## Task requirements
Restate word for word the lines below, from the one containing "Bon état, électrifié par notre atelier" through the final line, with no pictures included.

START Recorded information

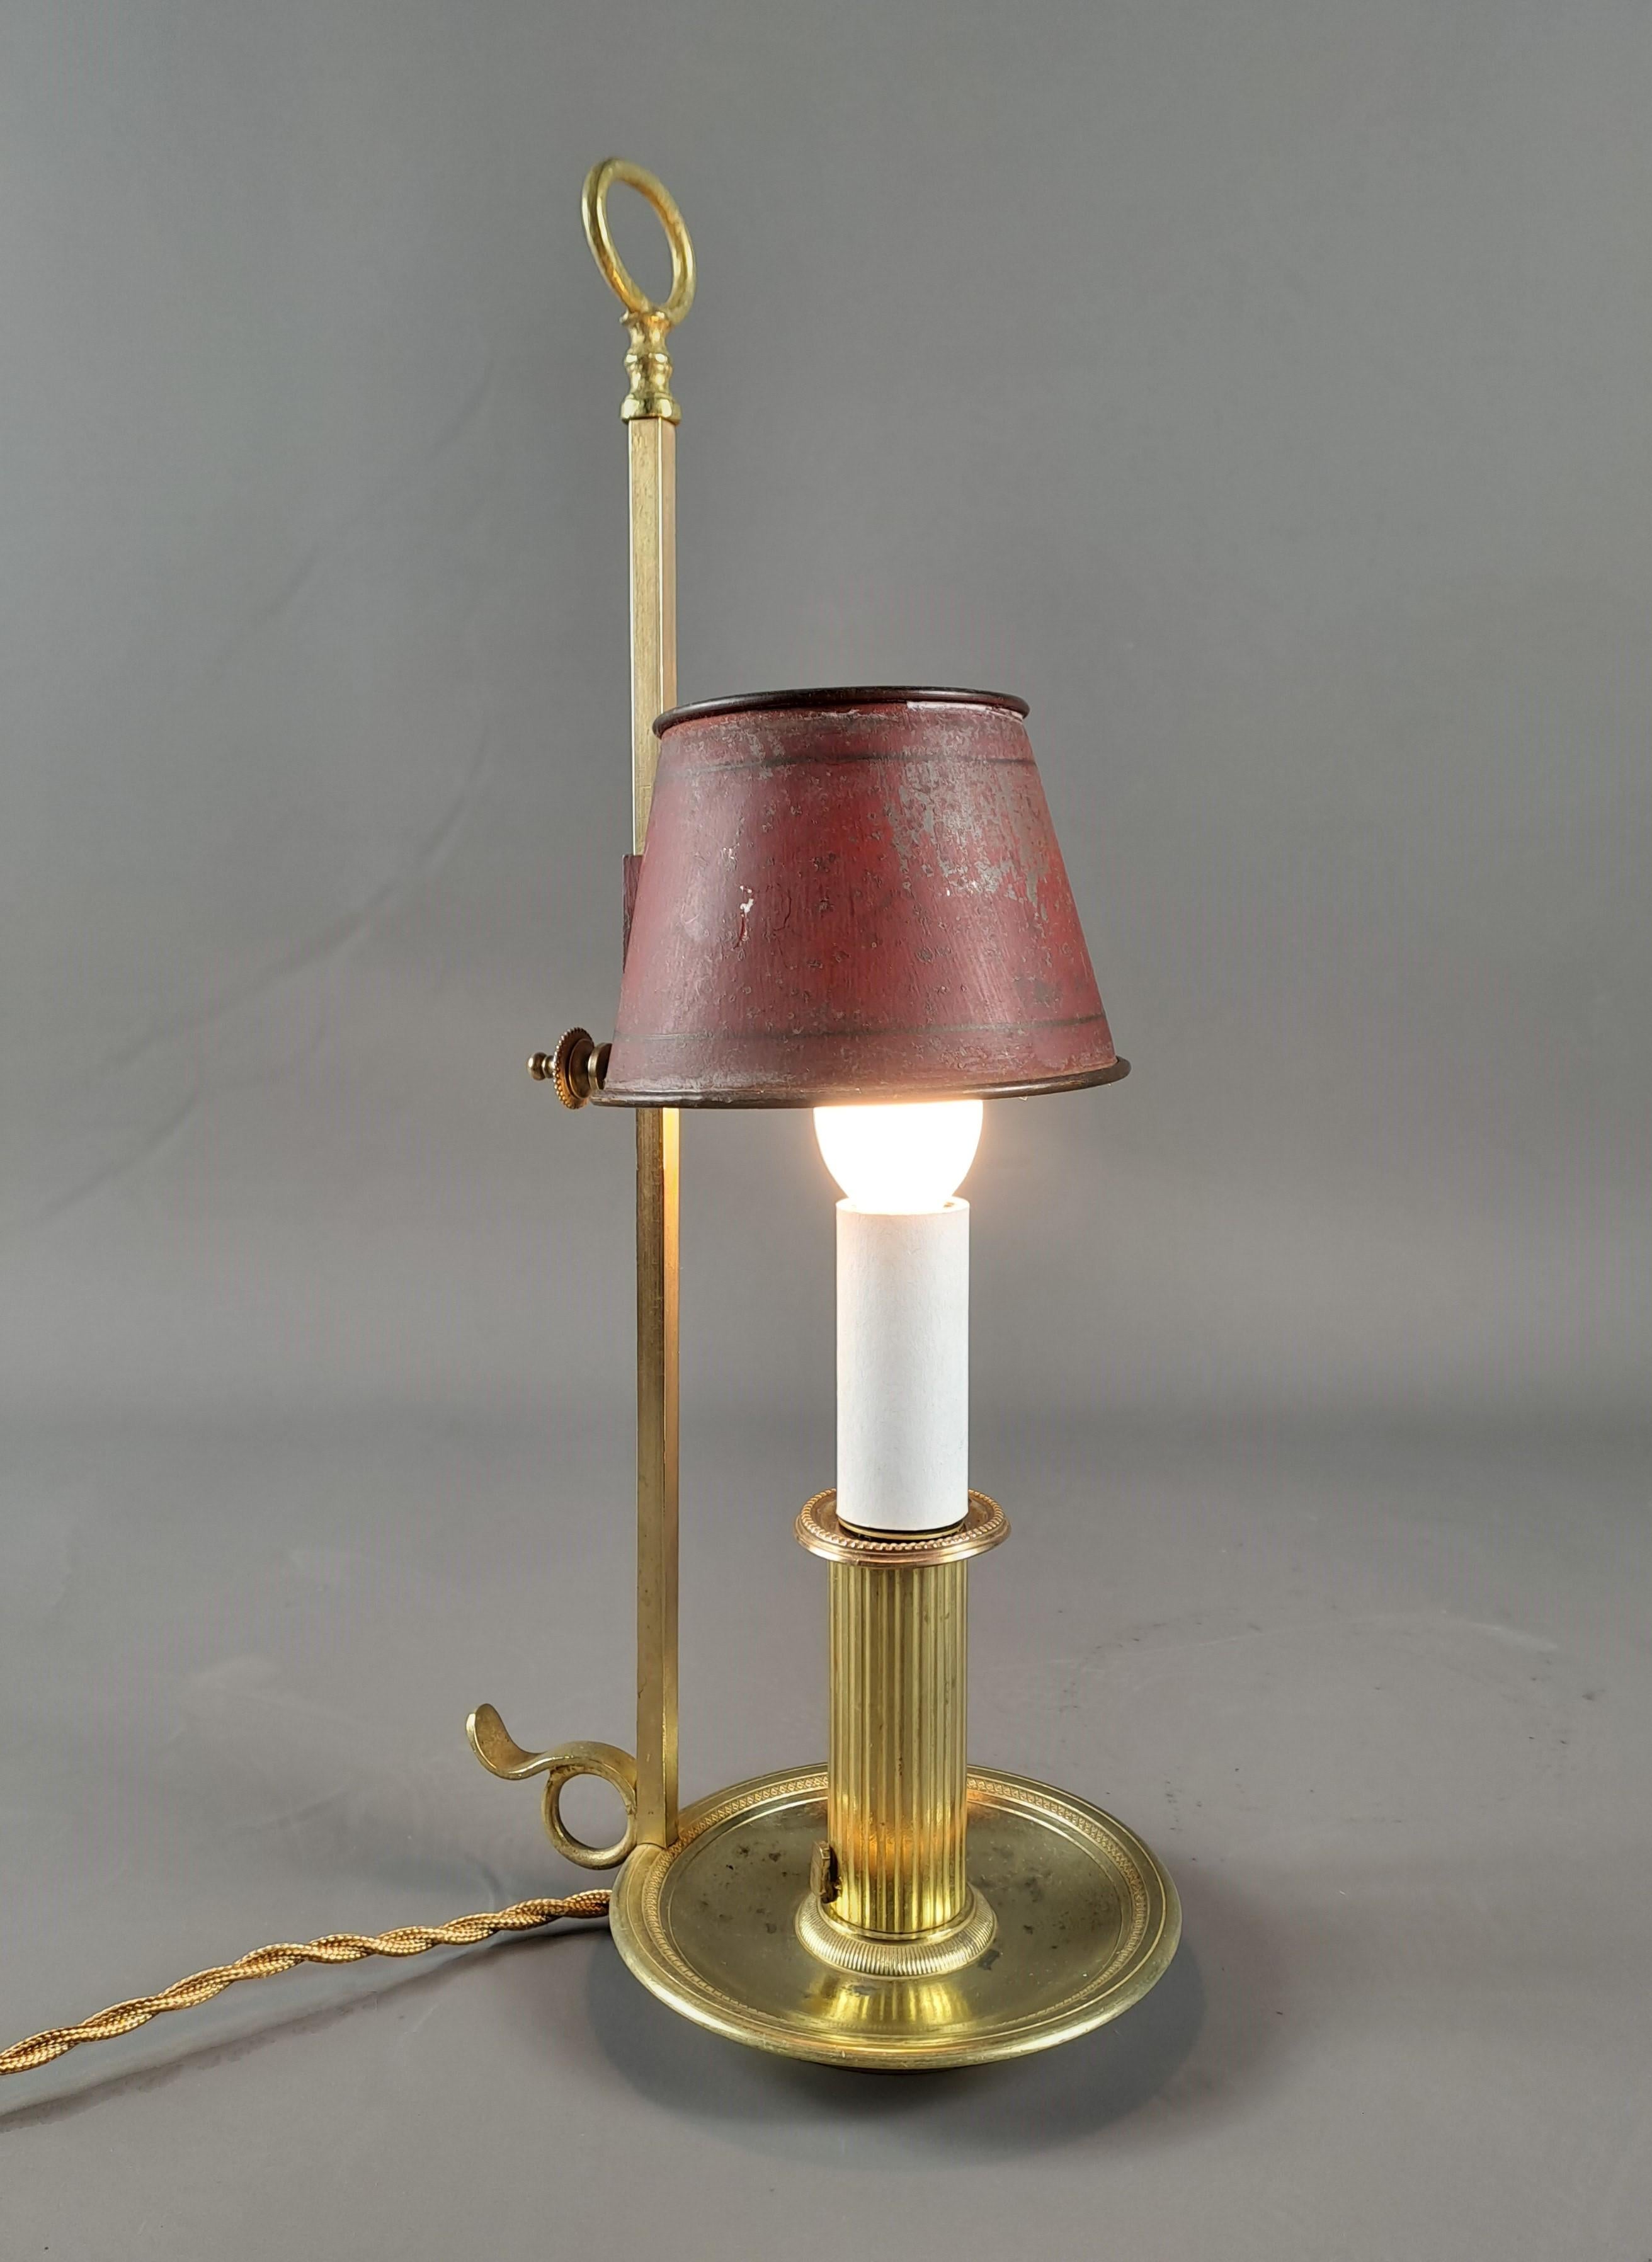 Charmante petite lampe bouillotte en bronze doré et ciselé, avec un bras de lumière et un abat-jour en tôle laquée rouge.

Ouvrage ancien du début du 19e siècle, époque empire

Bon état, électrifié par notre atelier
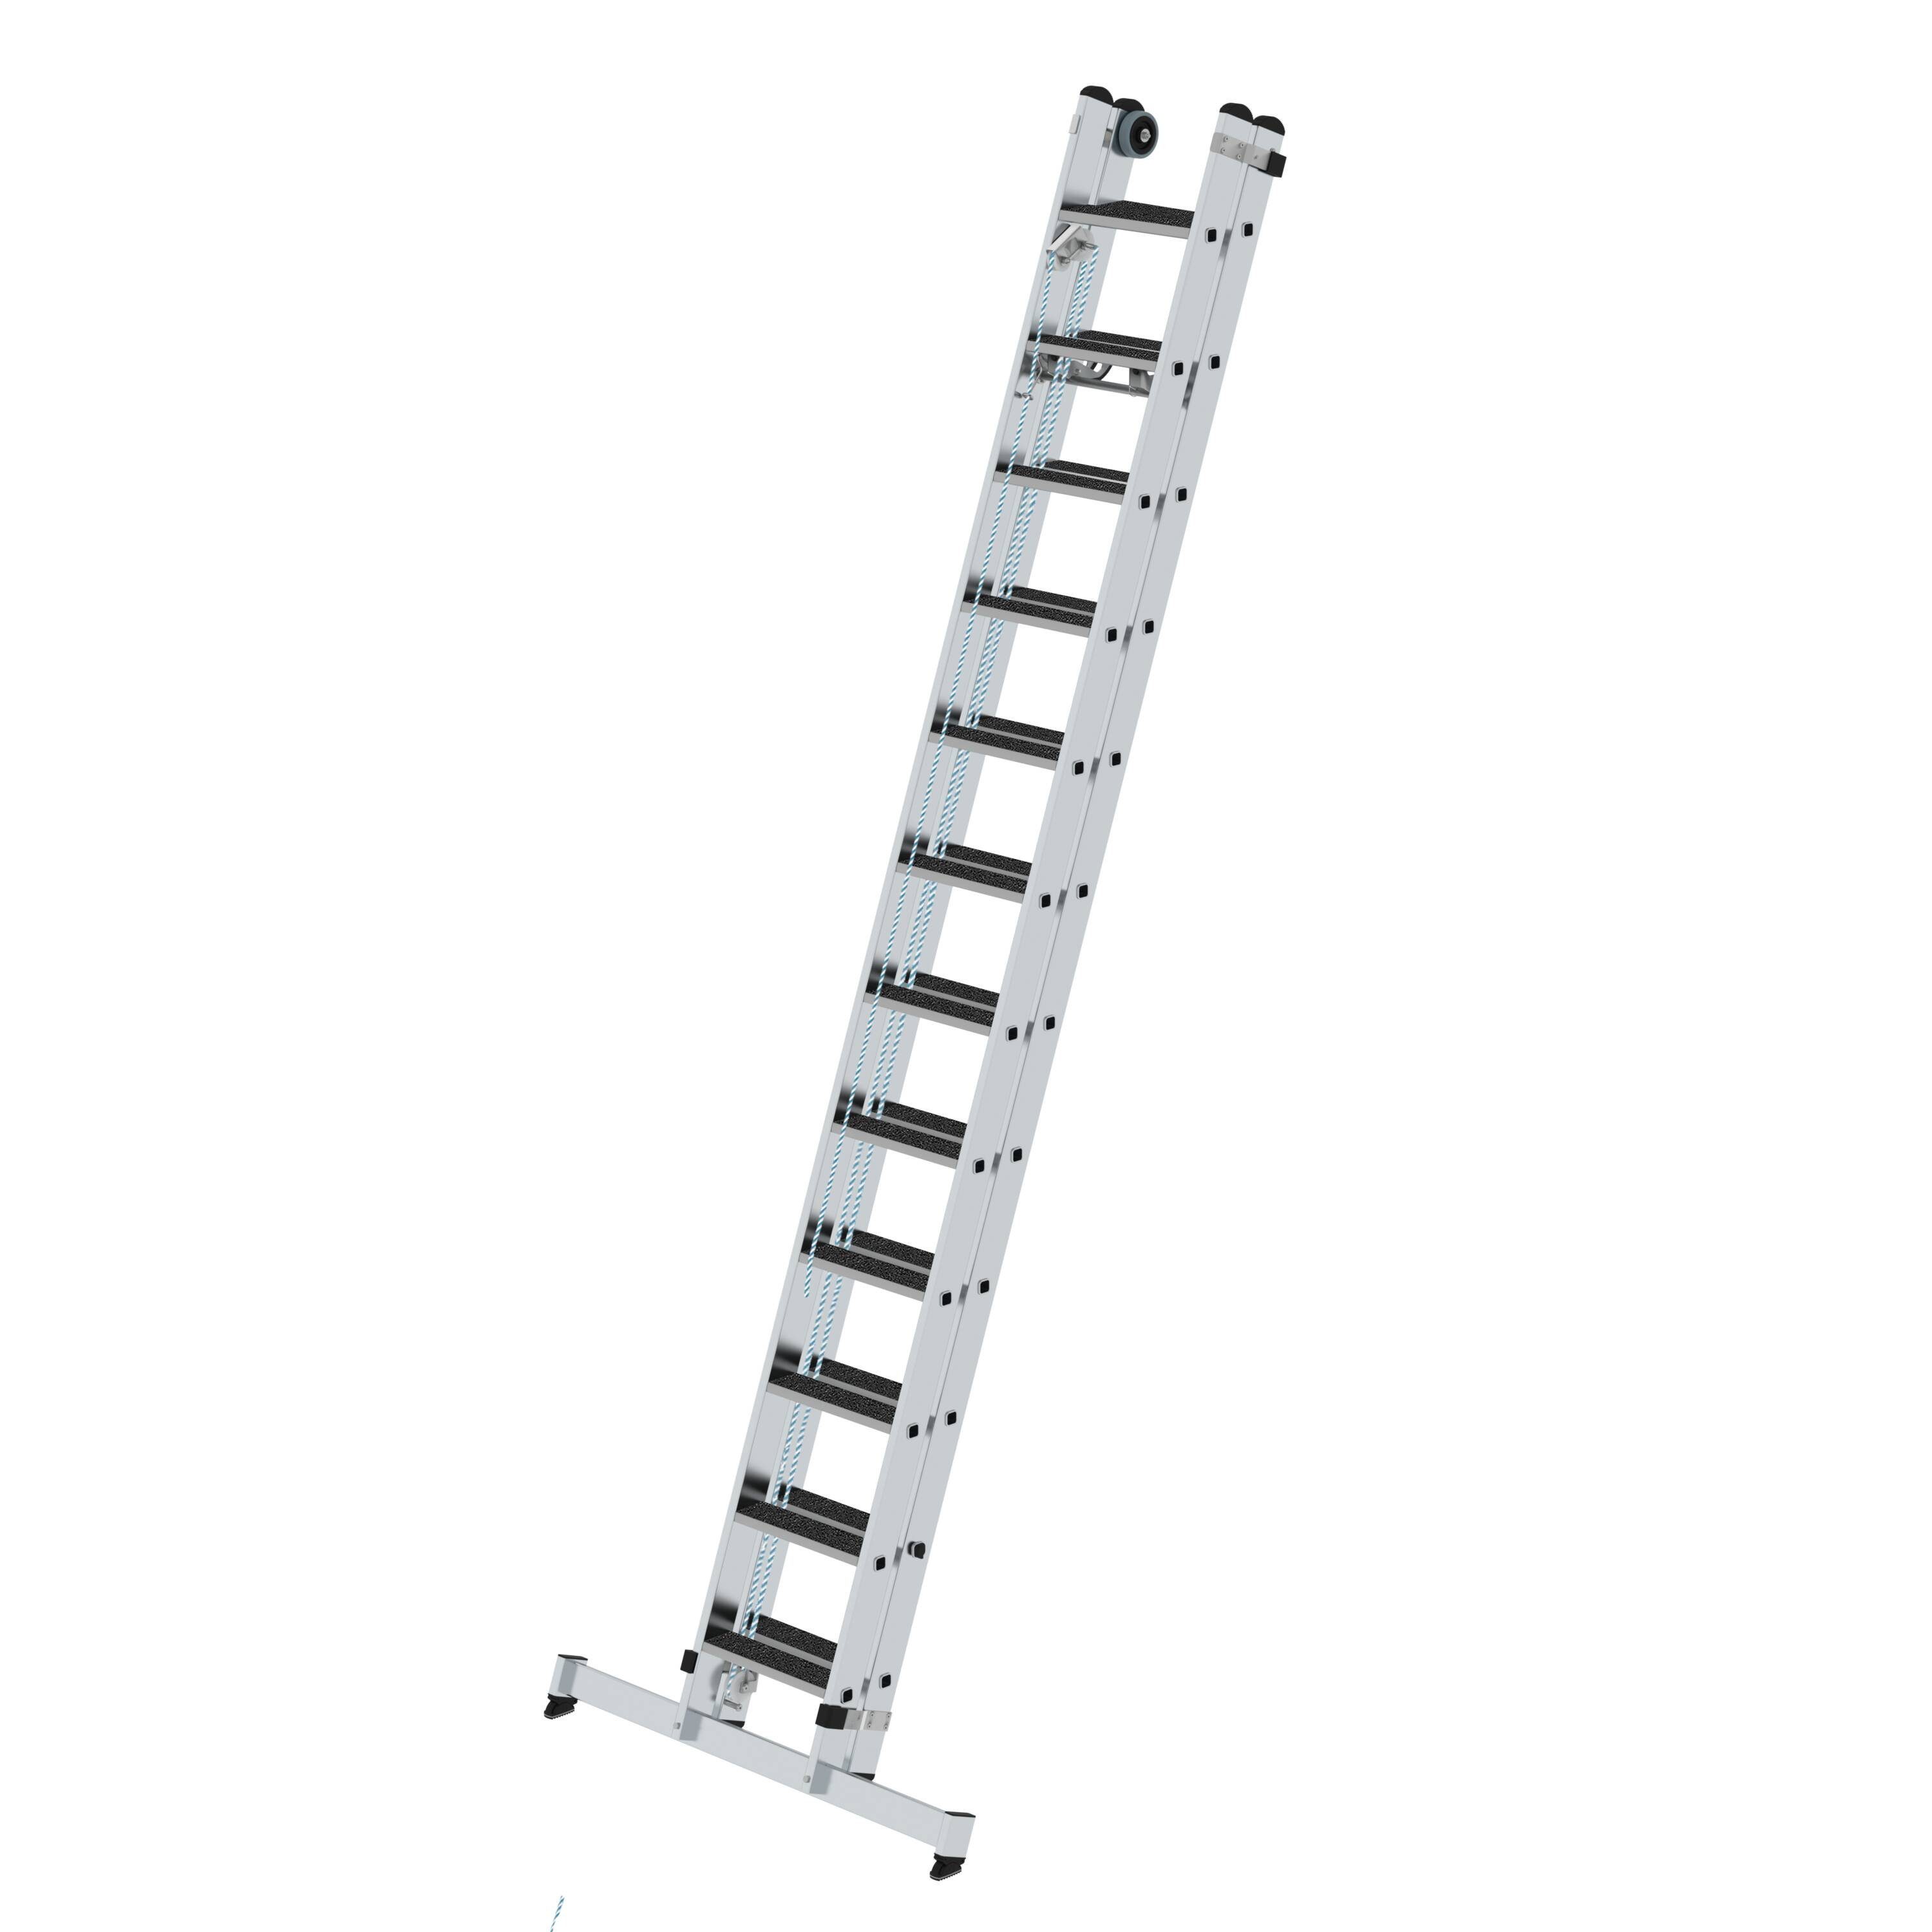 PROREGAL® Schiebeleiter Stufen-Seilzugleiter und mit Traverse nivello® clip-step 2-teilig R13

END Recorded information

## Exercise solution
Bon état, électrifié par notre atelier
 PROREGAL® Schiebeleiter Stufen-Seilzugleiter und mit Traverse nivello® clip-step 2-teilig R13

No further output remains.